## EXERCISE DIRECTIONS
Copy word for word, and only, the lines below from the one with "Ettræ Med Lyserøde Blomster På Himlen." through the last.

## LISTED ENTRIES
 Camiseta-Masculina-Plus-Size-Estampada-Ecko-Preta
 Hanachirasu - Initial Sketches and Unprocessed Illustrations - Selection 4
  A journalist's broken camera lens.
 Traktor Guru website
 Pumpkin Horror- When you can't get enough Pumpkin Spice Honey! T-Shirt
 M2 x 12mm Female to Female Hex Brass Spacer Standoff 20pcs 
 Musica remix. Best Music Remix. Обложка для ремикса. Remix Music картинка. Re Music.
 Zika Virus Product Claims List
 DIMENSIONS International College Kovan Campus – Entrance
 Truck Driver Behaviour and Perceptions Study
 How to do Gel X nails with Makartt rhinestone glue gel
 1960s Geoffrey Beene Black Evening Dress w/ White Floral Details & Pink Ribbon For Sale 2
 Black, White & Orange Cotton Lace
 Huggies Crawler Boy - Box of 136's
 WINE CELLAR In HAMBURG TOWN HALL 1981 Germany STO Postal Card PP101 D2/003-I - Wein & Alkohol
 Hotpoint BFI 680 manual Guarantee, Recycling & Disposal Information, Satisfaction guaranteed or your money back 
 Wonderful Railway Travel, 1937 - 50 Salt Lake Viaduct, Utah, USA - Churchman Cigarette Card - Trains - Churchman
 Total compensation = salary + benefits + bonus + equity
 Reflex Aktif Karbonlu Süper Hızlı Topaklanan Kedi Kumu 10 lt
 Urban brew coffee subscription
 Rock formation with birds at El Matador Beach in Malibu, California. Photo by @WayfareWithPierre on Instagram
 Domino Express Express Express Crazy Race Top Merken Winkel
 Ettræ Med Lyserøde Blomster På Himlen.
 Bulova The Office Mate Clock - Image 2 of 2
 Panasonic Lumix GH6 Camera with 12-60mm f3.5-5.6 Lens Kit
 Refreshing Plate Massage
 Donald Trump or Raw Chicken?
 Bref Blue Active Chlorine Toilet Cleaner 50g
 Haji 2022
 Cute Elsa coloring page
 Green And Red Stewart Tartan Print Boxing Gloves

## WRITTEN ANSWER
 Ettræ Med Lyserøde Blomster På Himlen.
 Bulova The Office Mate Clock - Image 2 of 2
 Panasonic Lumix GH6 Camera with 12-60mm f3.5-5.6 Lens Kit
 Refreshing Plate Massage
 Donald Trump or Raw Chicken?
 Bref Blue Active Chlorine Toilet Cleaner 50g
 Haji 2022
 Cute Elsa coloring page
 Green And Red Stewart Tartan Print Boxing Gloves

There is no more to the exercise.